§ EXERCISE DIRECTIONS: From the first line to the last, copy the data exactly and drop the pictures.

§ GIVEN MATERIAL:

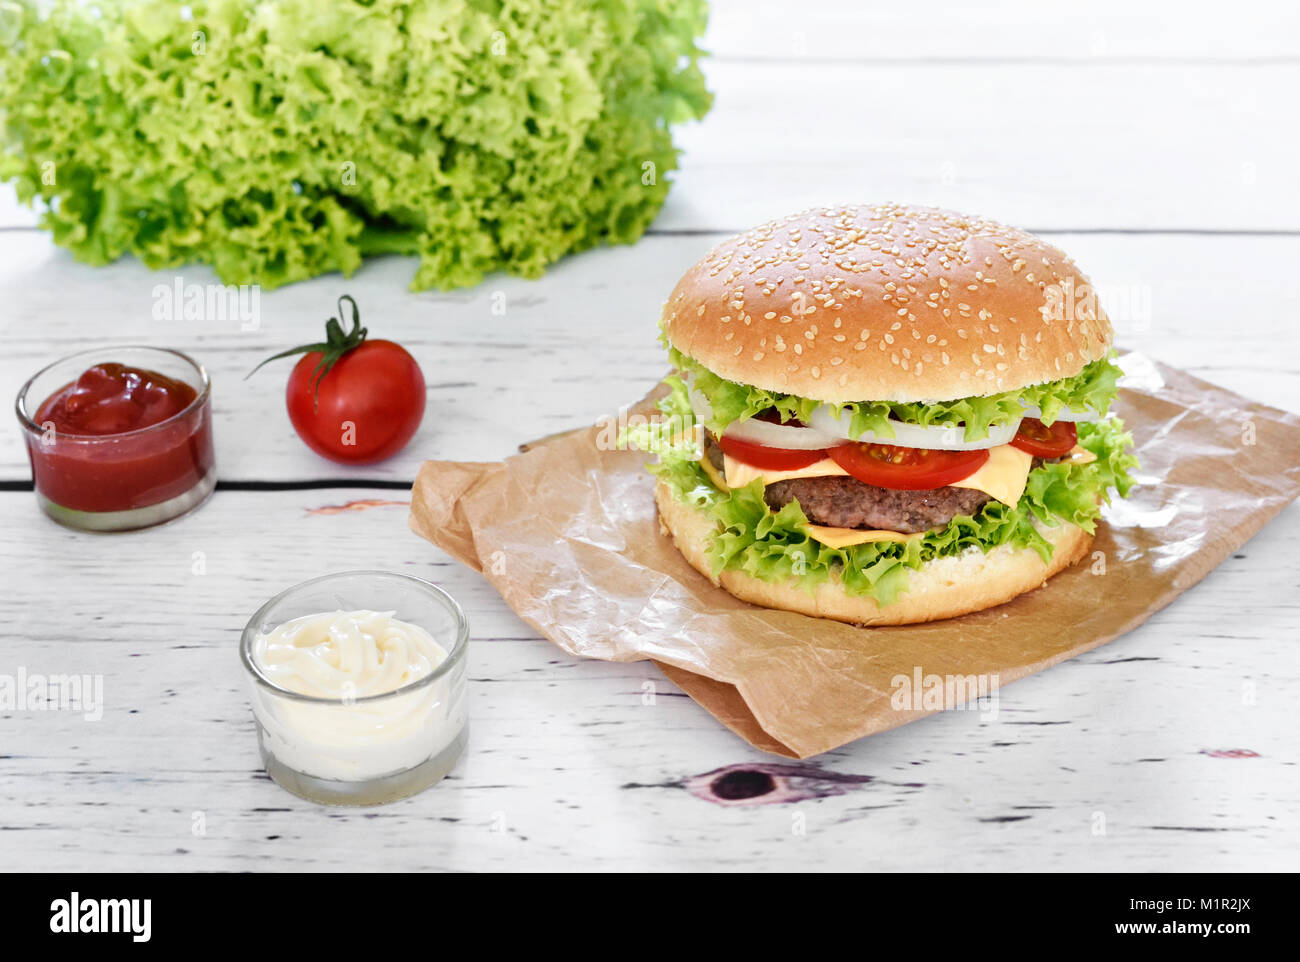 Gourmet Burger mit Soßen auf einem weißen Tisch. Hamburger oder Cheeseburger mit frischen Tomaten, Kopfsalat und Rindfleisch Patty, Fast food Hintergrund. Stockfoto
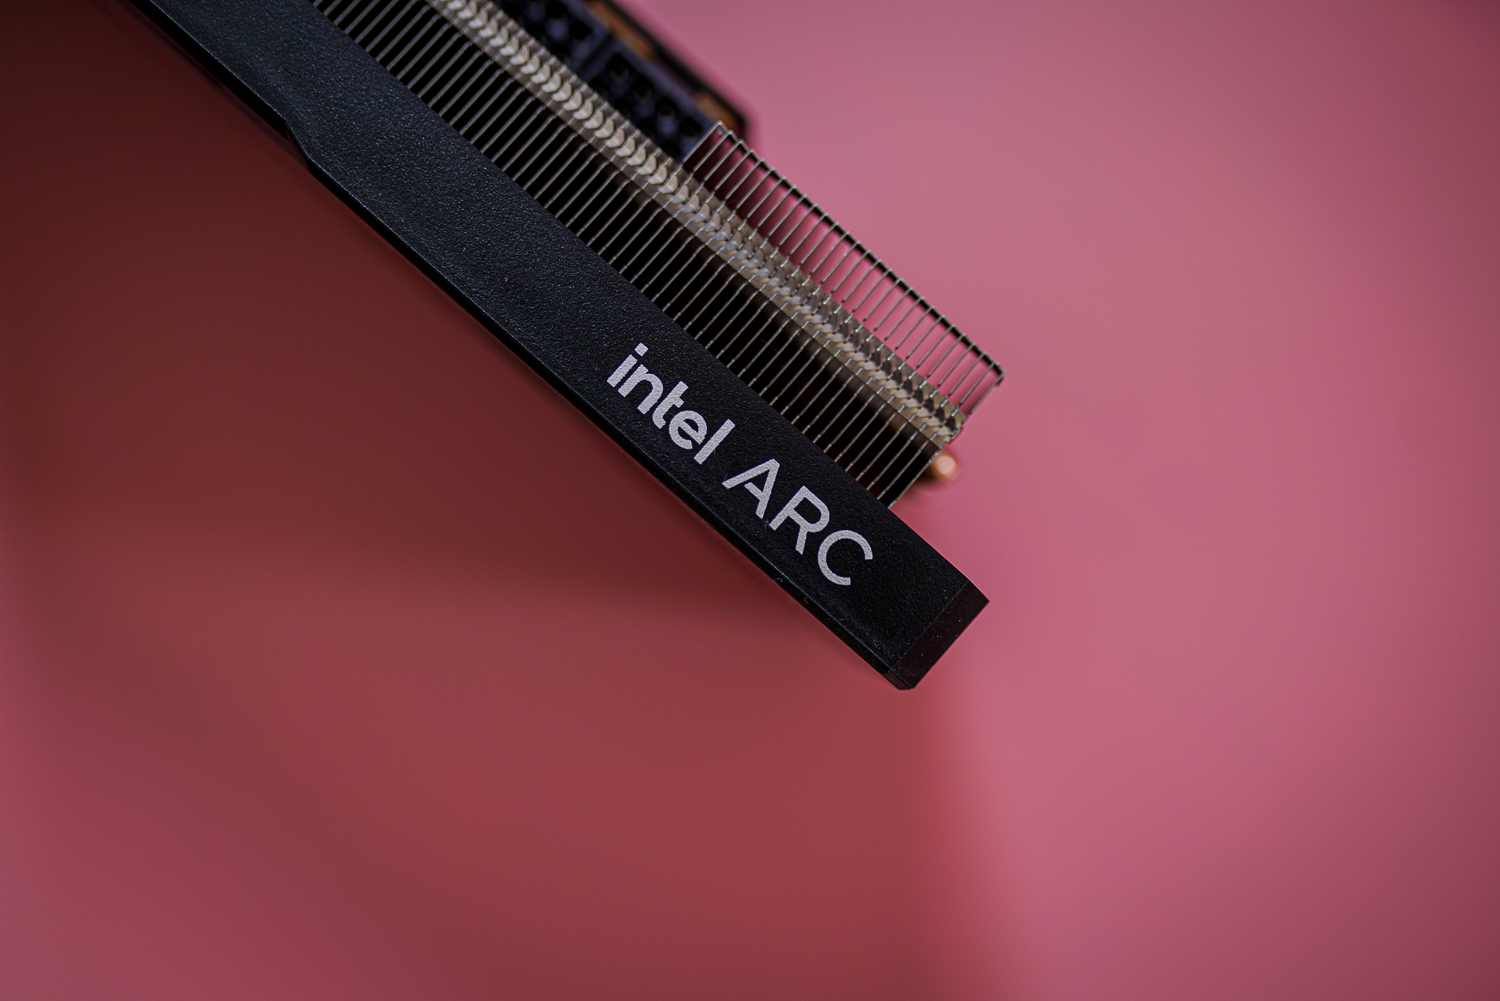 Intel Arc logo on the Arc A580 GPU.
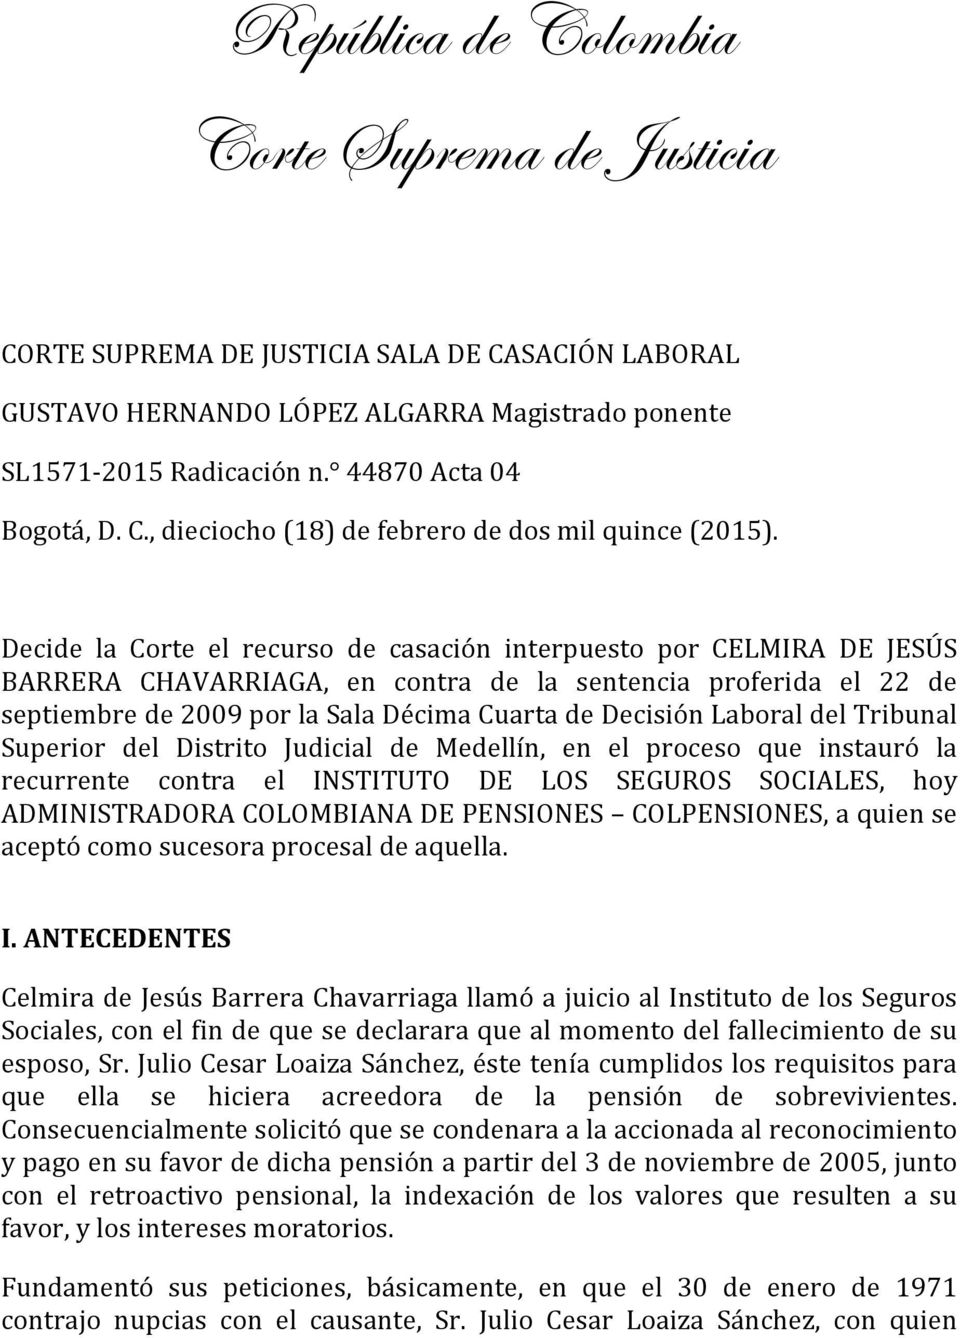 Decide la Corte el recurso de casación interpuesto por CELMIRA DE JESÚS BARRERA CHAVARRIAGA, en contra de la sentencia proferida el 22 de septiembre de 2009 por la Sala Décima Cuarta de Decisión
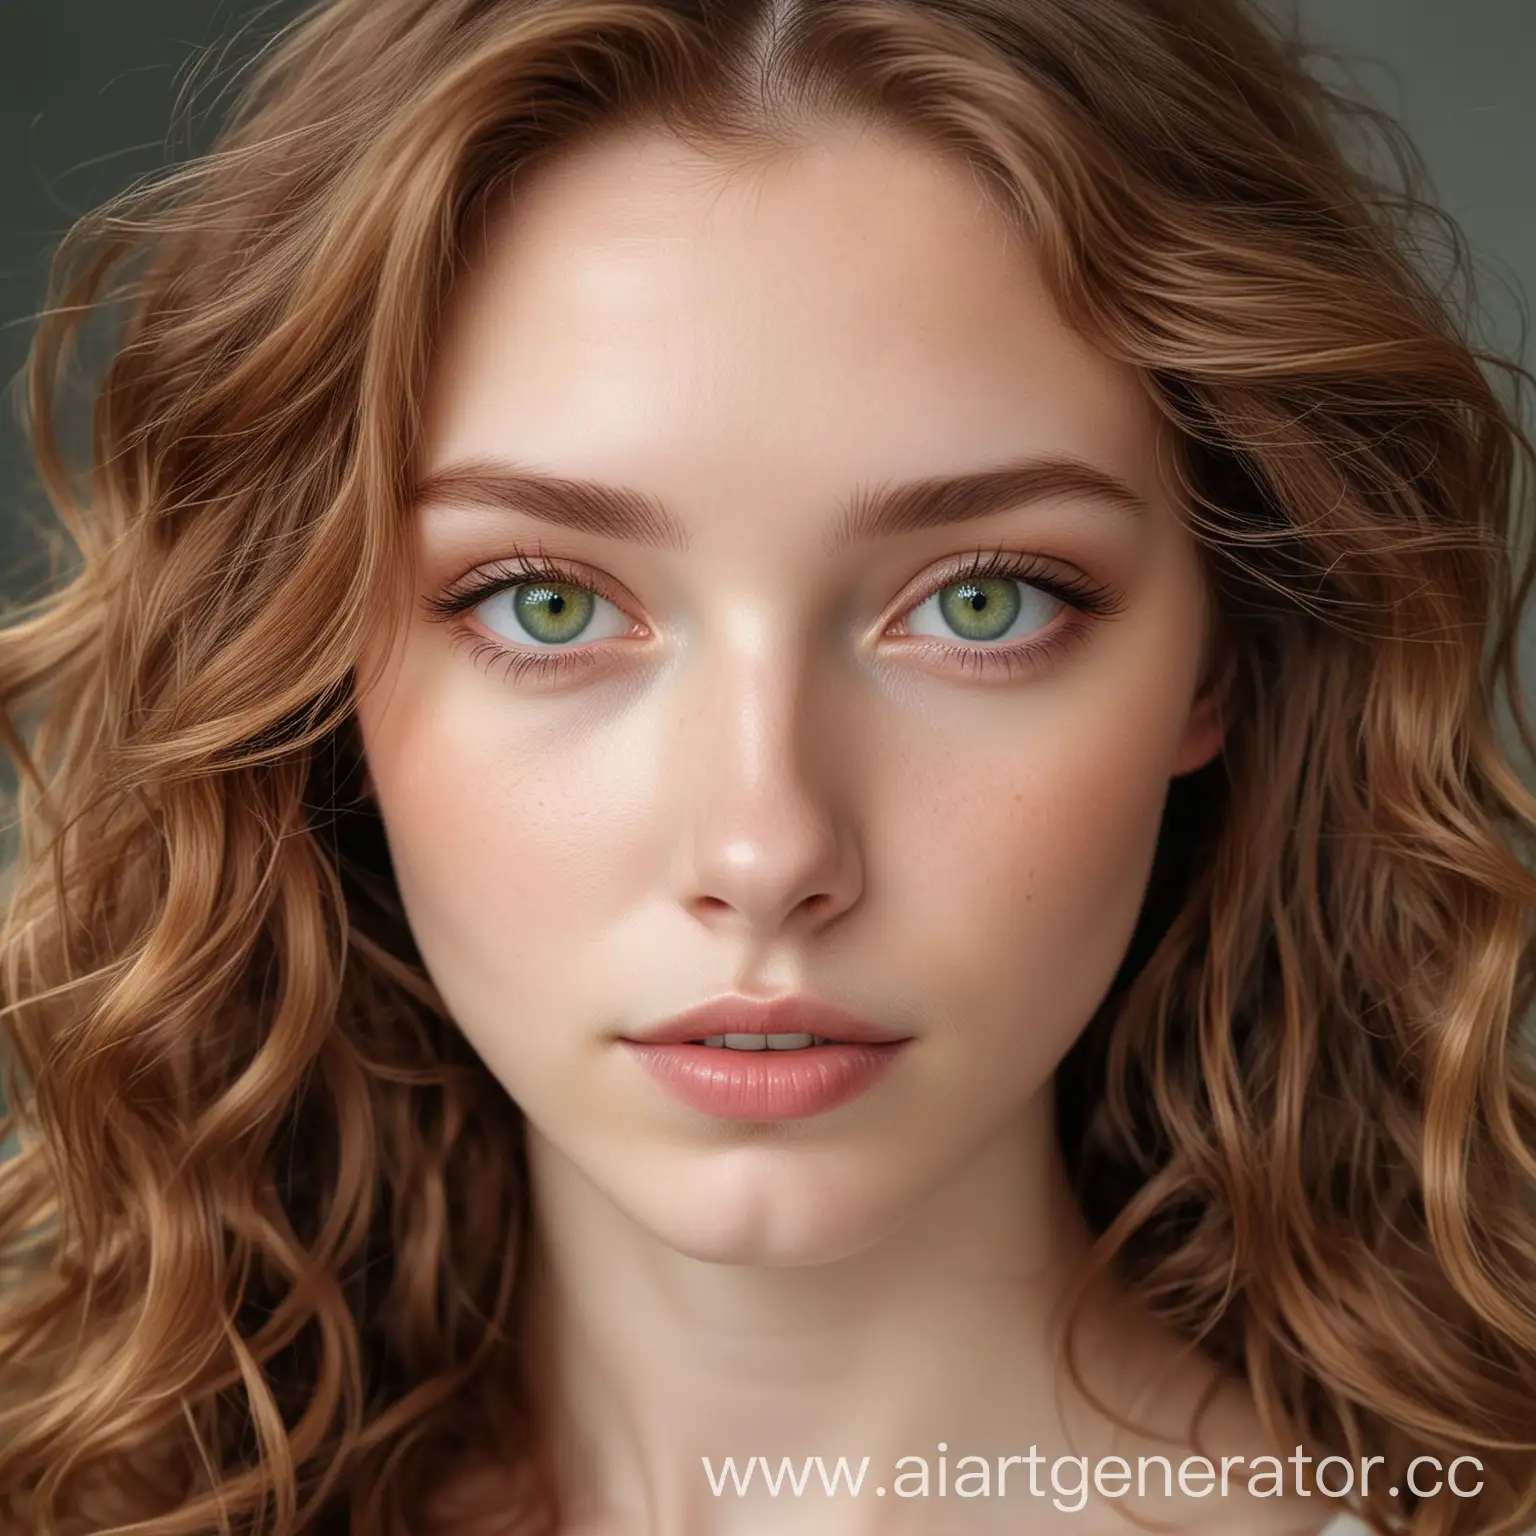 Девушка с каштановыми волнистыми волосами, бледной кожей и зелёными глазами, смотрит прямо

§ YOUR SOLUTION:
 Gourmet Burger mit Soßen auf einem weißen Tisch. Hamburger oder Cheeseburger mit frischen Tomaten, Kopfsalat und Rindfleisch Patty, Fast food Hintergrund. Stockfoto
 Intel Arc logo on the Arc A580 GPU.
 Decide la Corte el recurso de casación interpuesto por CELMIRA DE JESÚS BARRERA CHAVARRIAGA, en contra de la sentencia proferida el 22 de septiembre de 2009 por la Sala Décima Cuarta de Decisión
 Девушка с каштановыми волнистыми волосами, бледной кожей и зелёными глазами, смотрит прямо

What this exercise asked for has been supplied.